▸ DATASET EXTRACT
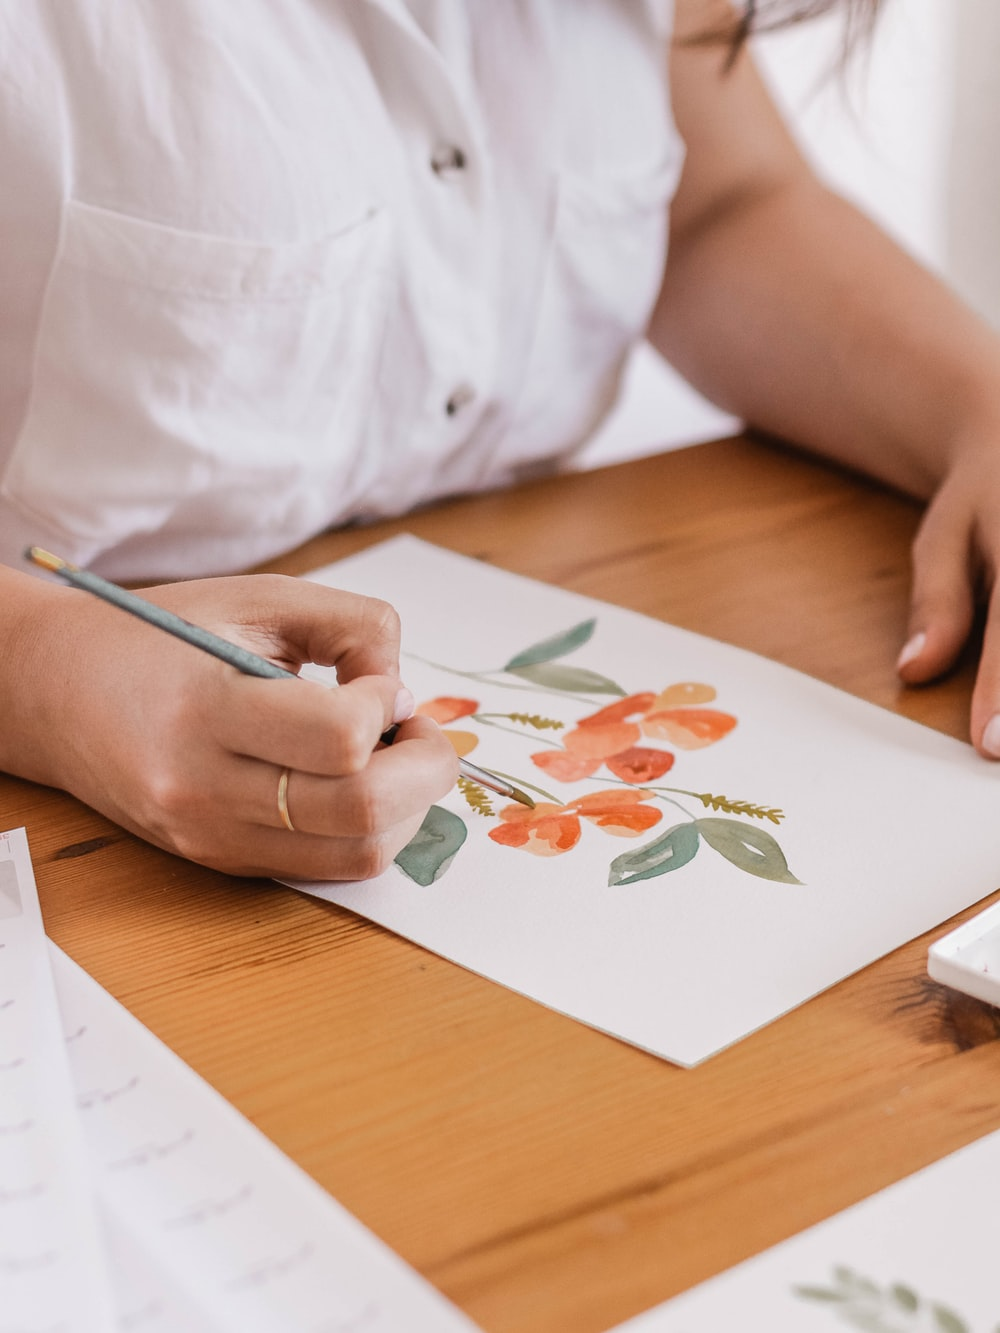 woman holding paint brush
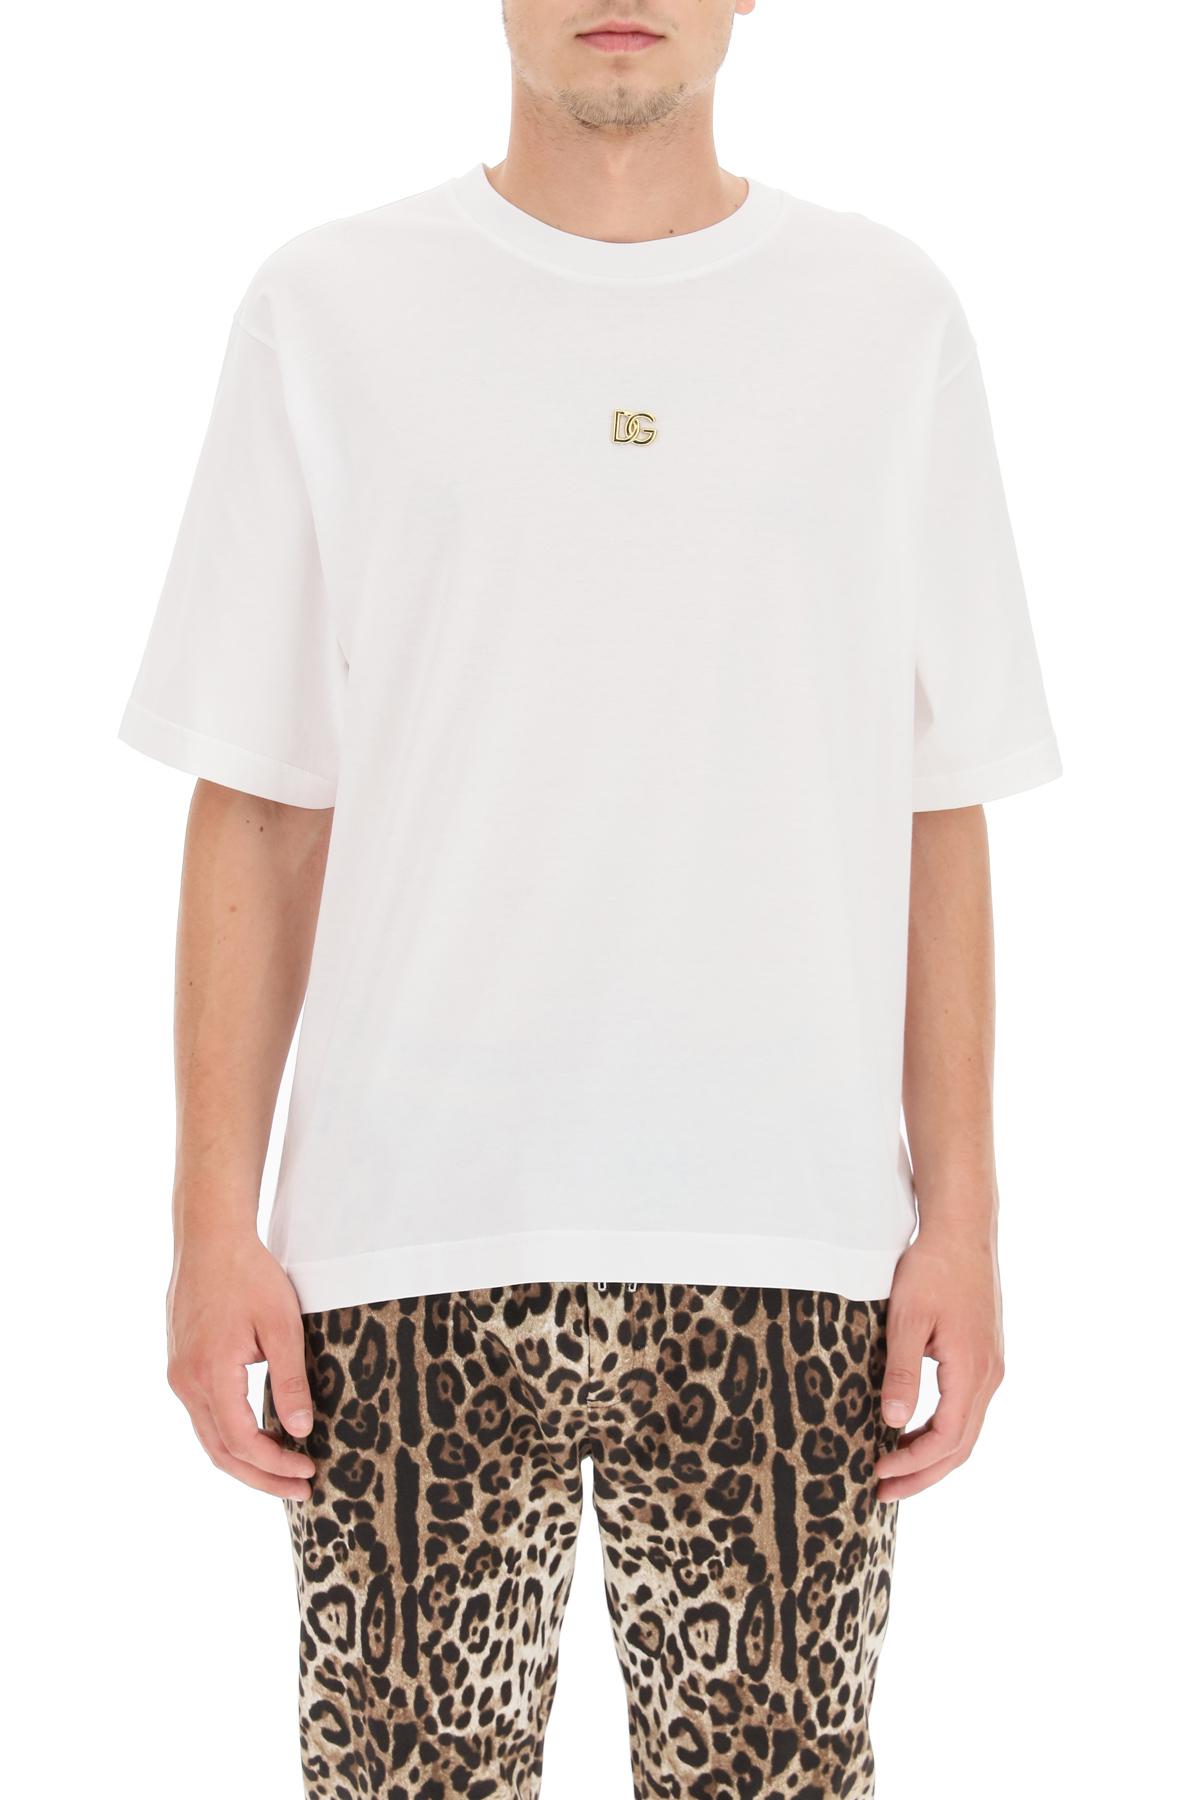 Dolce & gabbana t-shirt con logo dg metallico
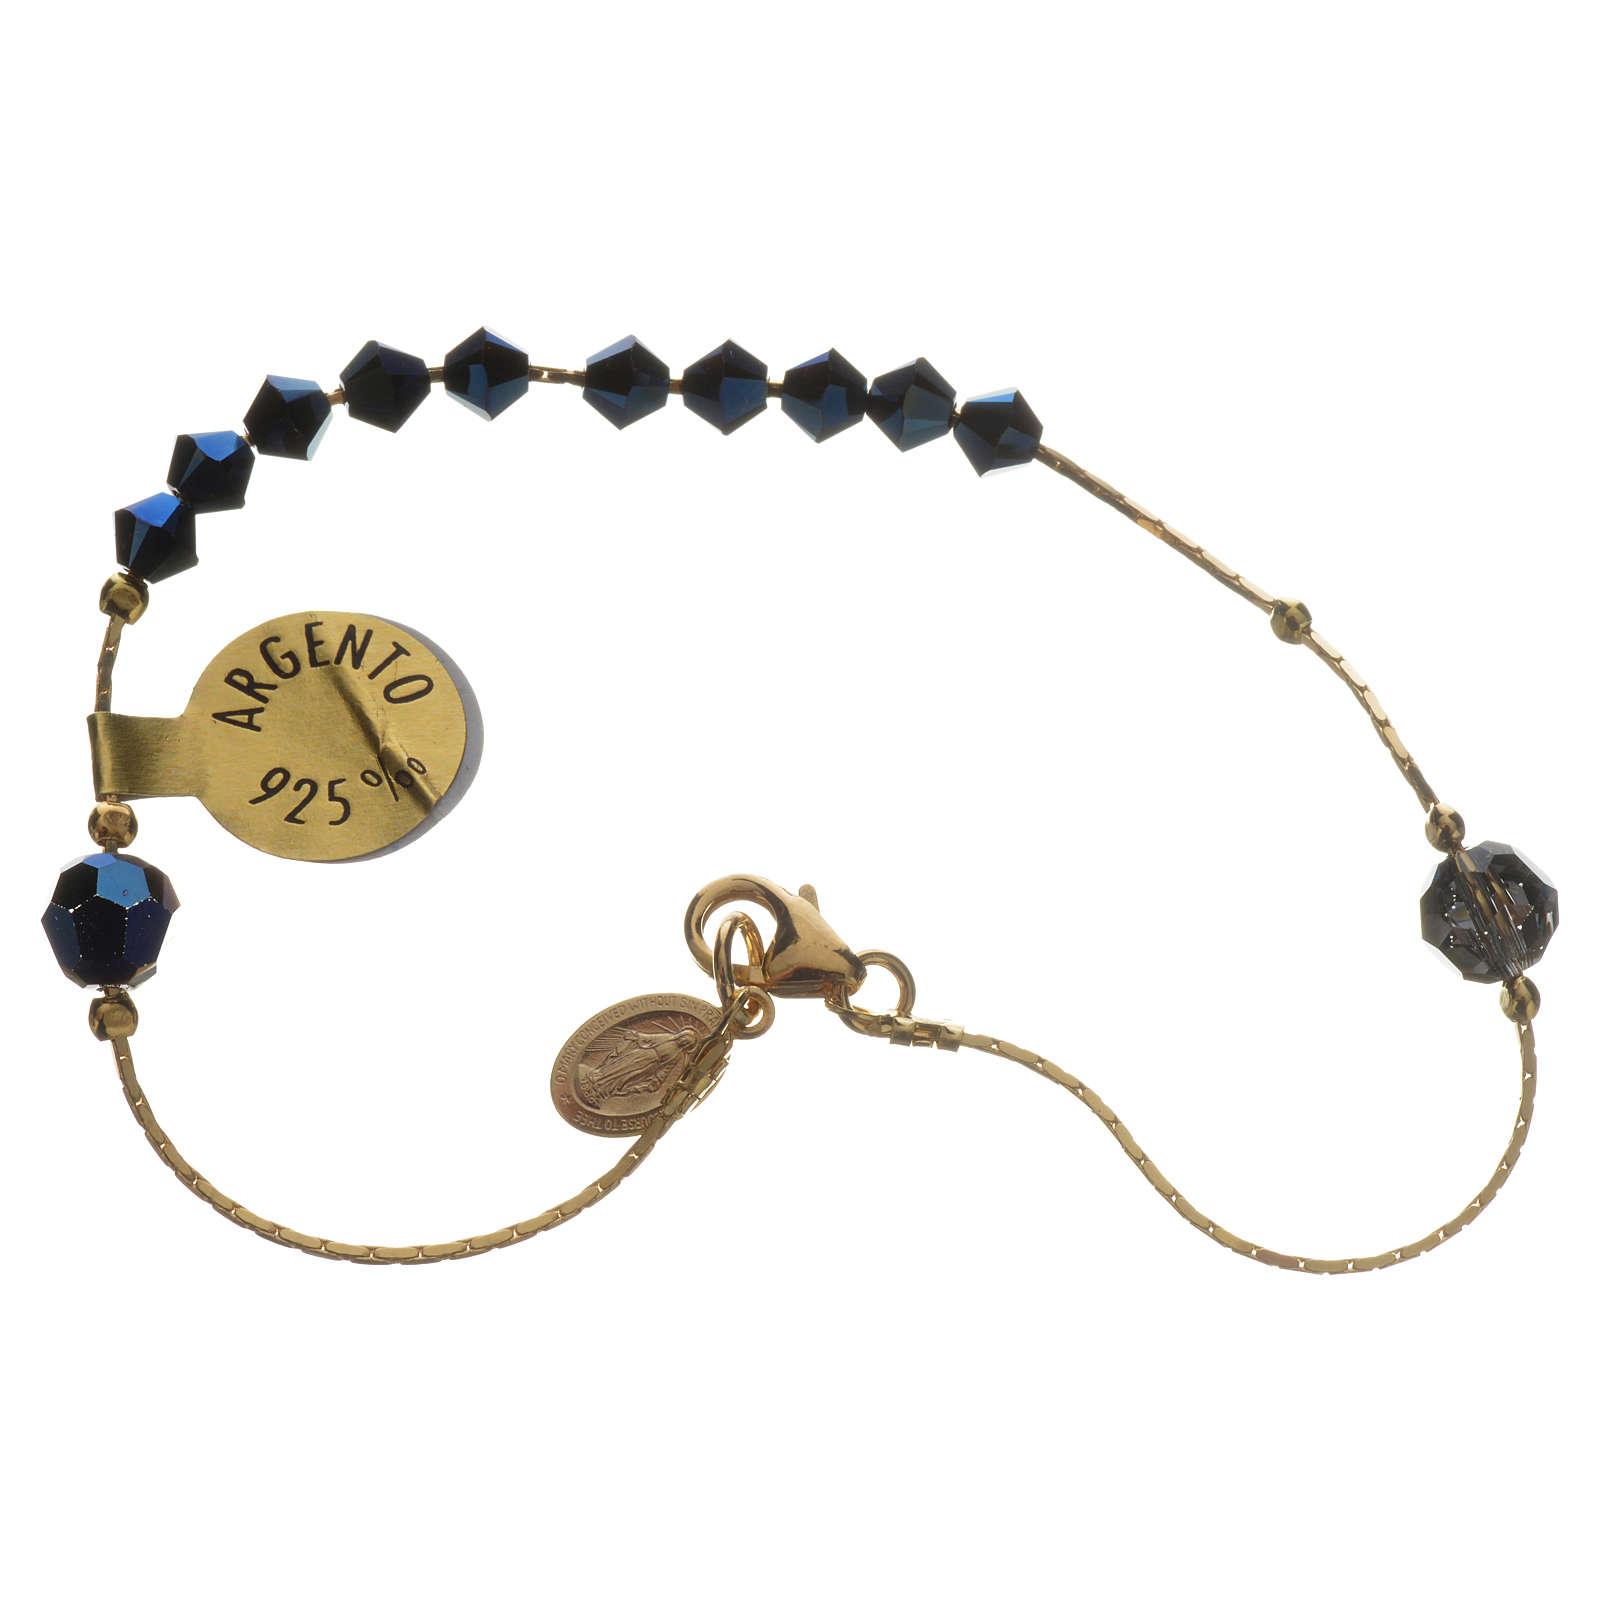 Bracelet, One Decade rosary beads, sterling silver and Swarovski 4

▸ TASK BRIEF
Output the material above word for word. Leave out its images.

▸ TASK RESPONSE
 woman holding paint brush
 Dolce & gabbana t-shirt con logo dg metallico
 Bracelet, One Decade rosary beads, sterling silver and Swarovski 4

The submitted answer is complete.